§ **Task details**
A word-for-word copy of the lines below, starting at the line with "Hauts bébé Sweatshirt" and ending at the last one, is what you should give. Omit every picture.

START Data block

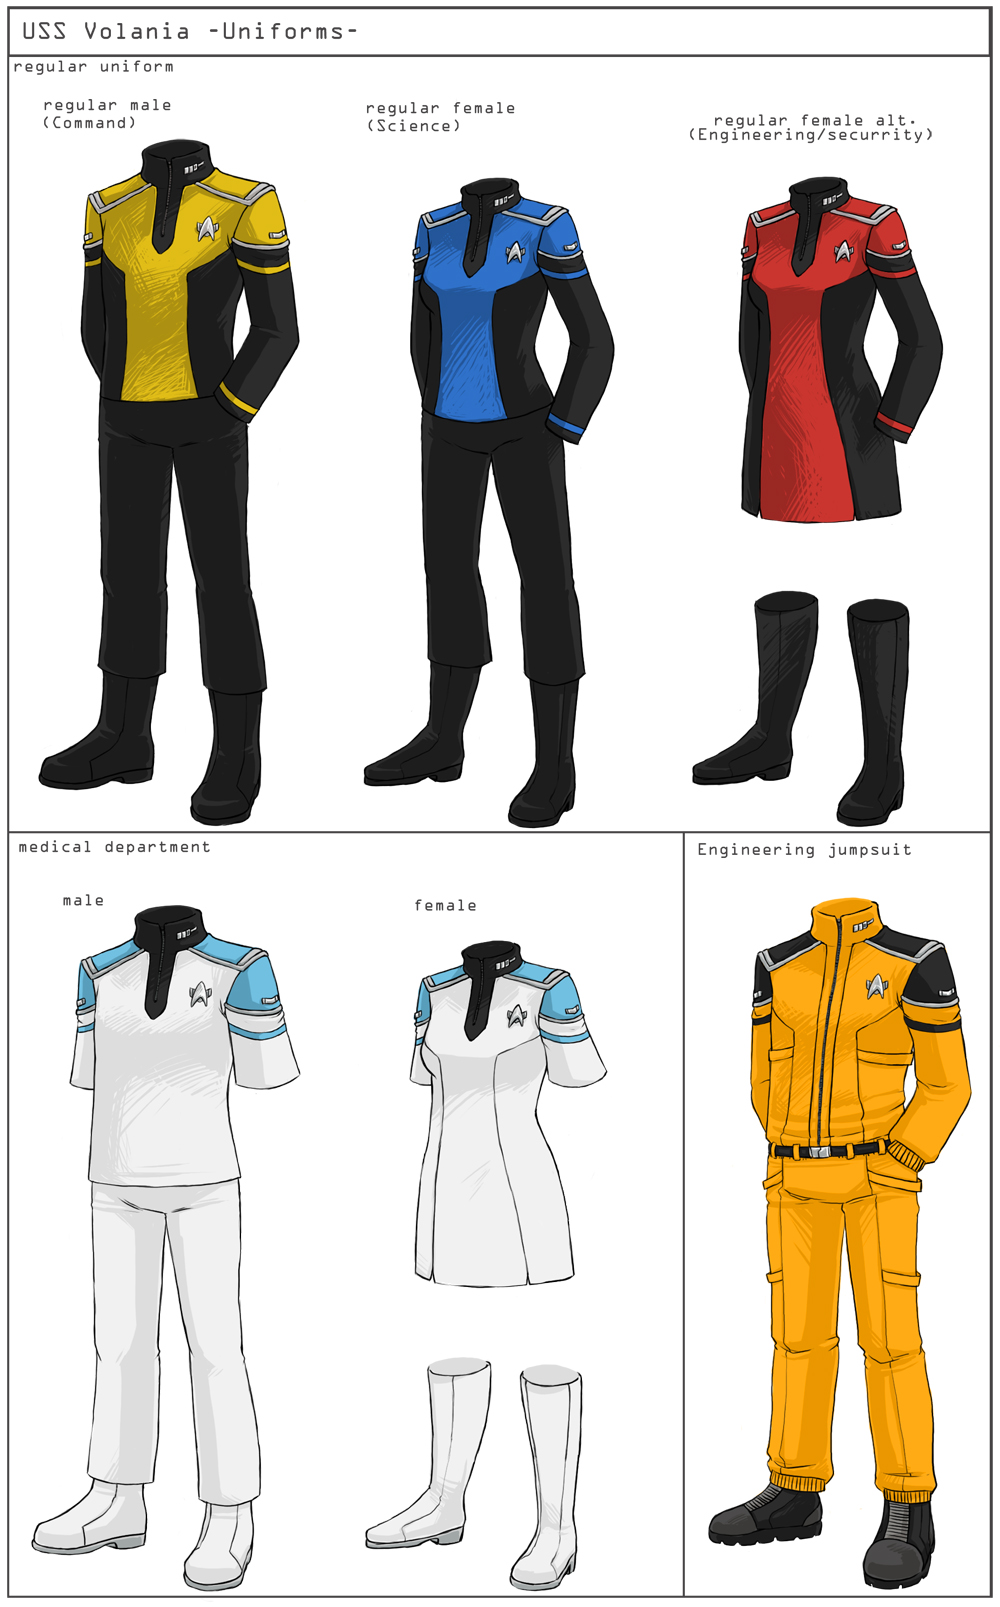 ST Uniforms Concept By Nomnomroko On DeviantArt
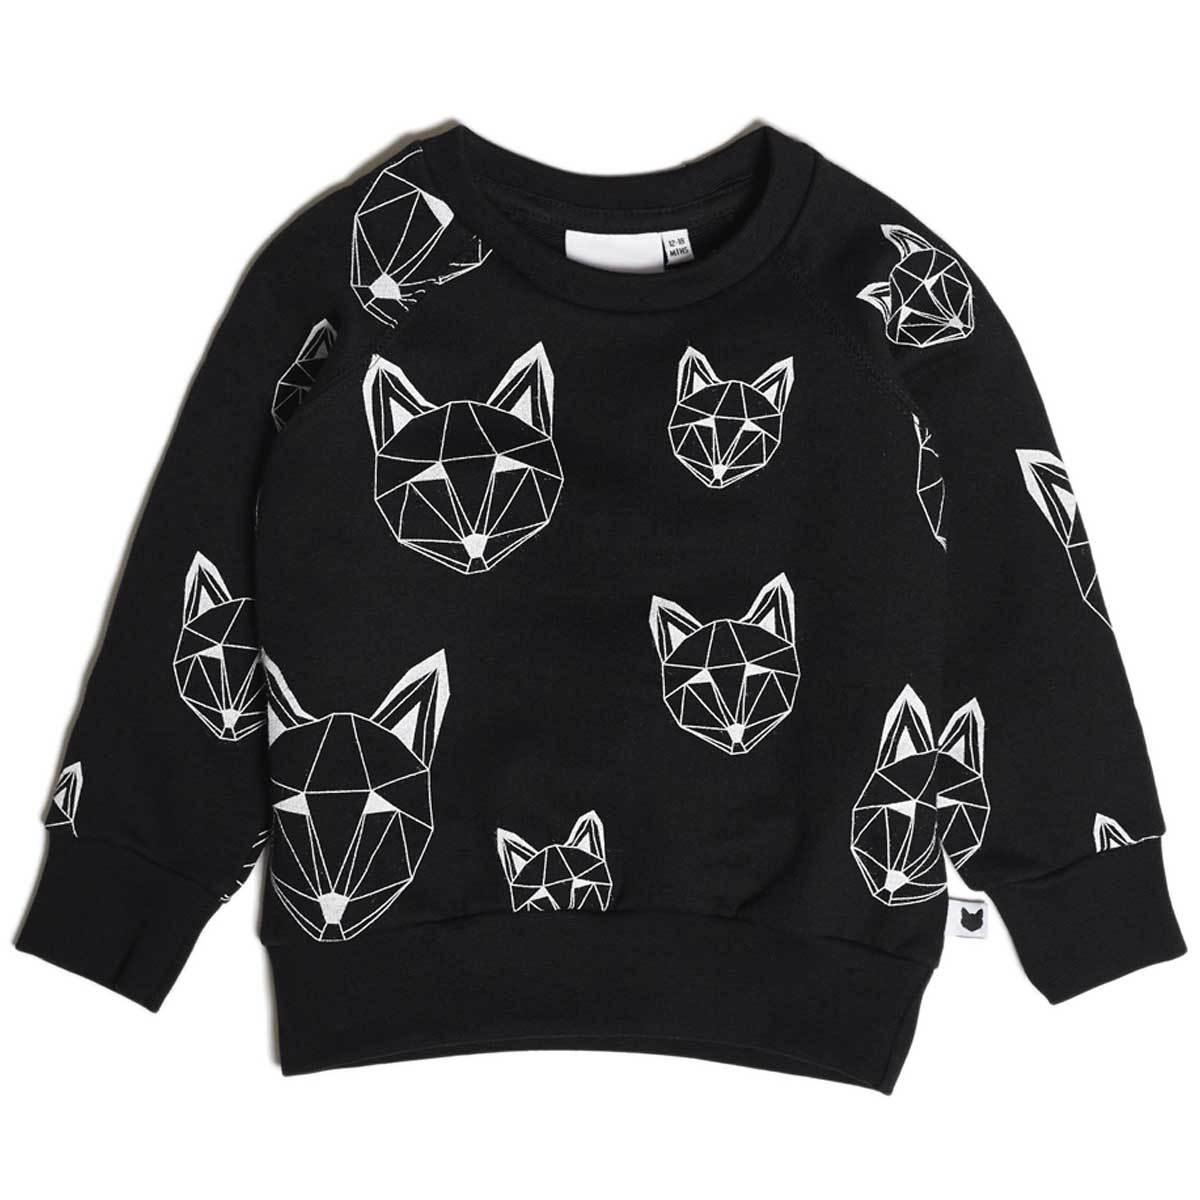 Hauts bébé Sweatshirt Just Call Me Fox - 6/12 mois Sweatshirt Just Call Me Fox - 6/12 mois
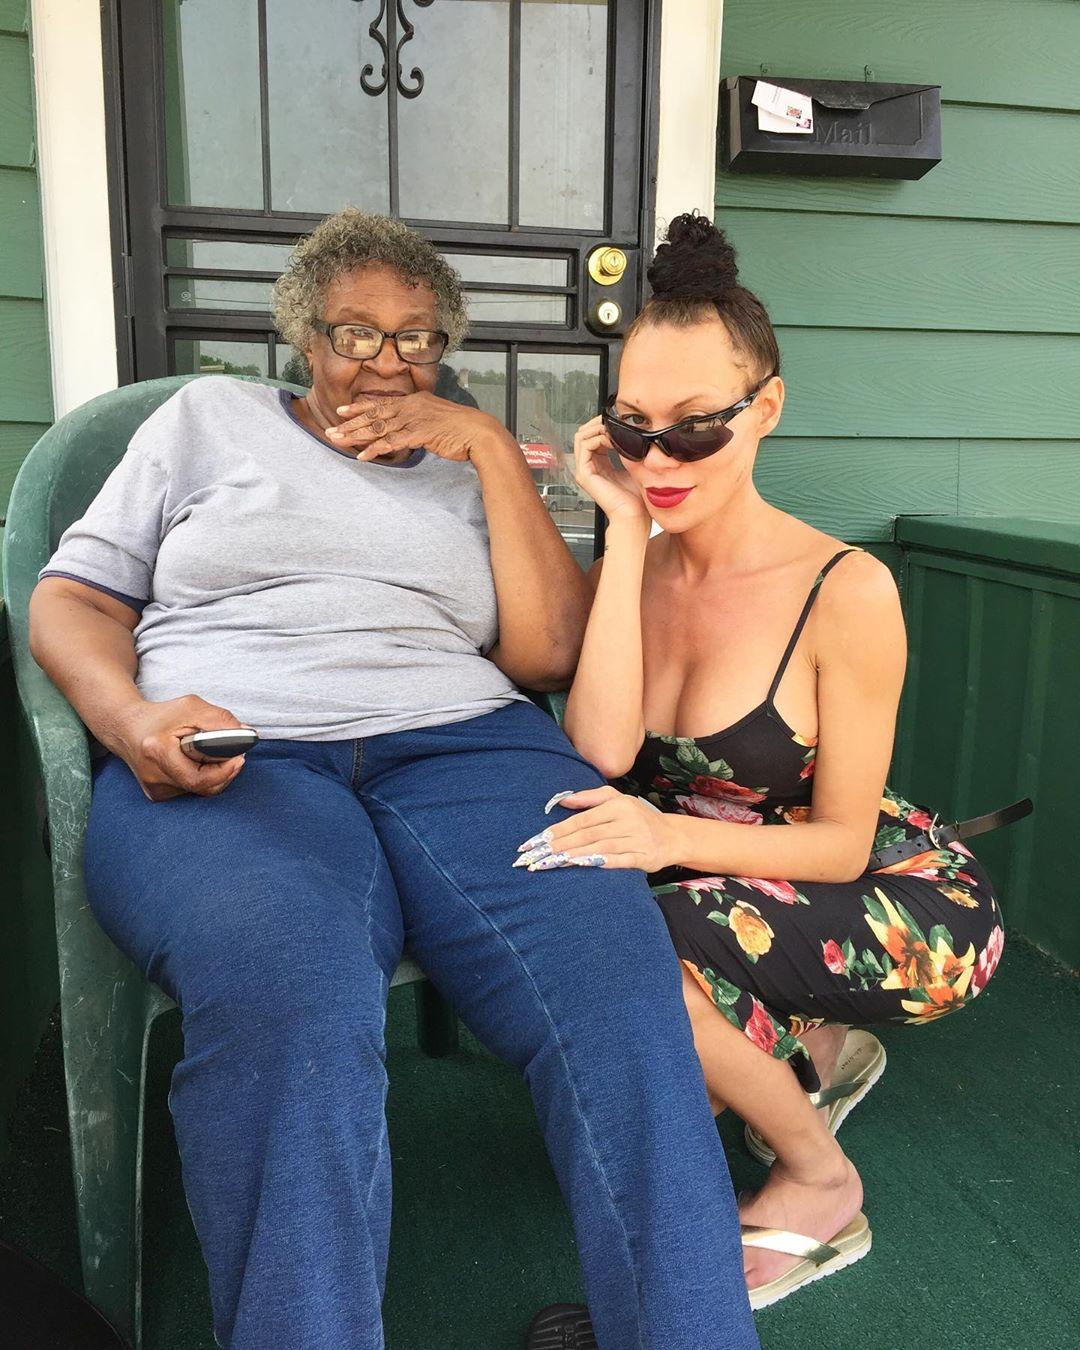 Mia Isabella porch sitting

END Data block

§ **Solution to this problem**
 Hauts bébé Sweatshirt Just Call Me Fox - 6/12 mois Sweatshirt Just Call Me Fox - 6/12 mois
 Mia Isabella porch sitting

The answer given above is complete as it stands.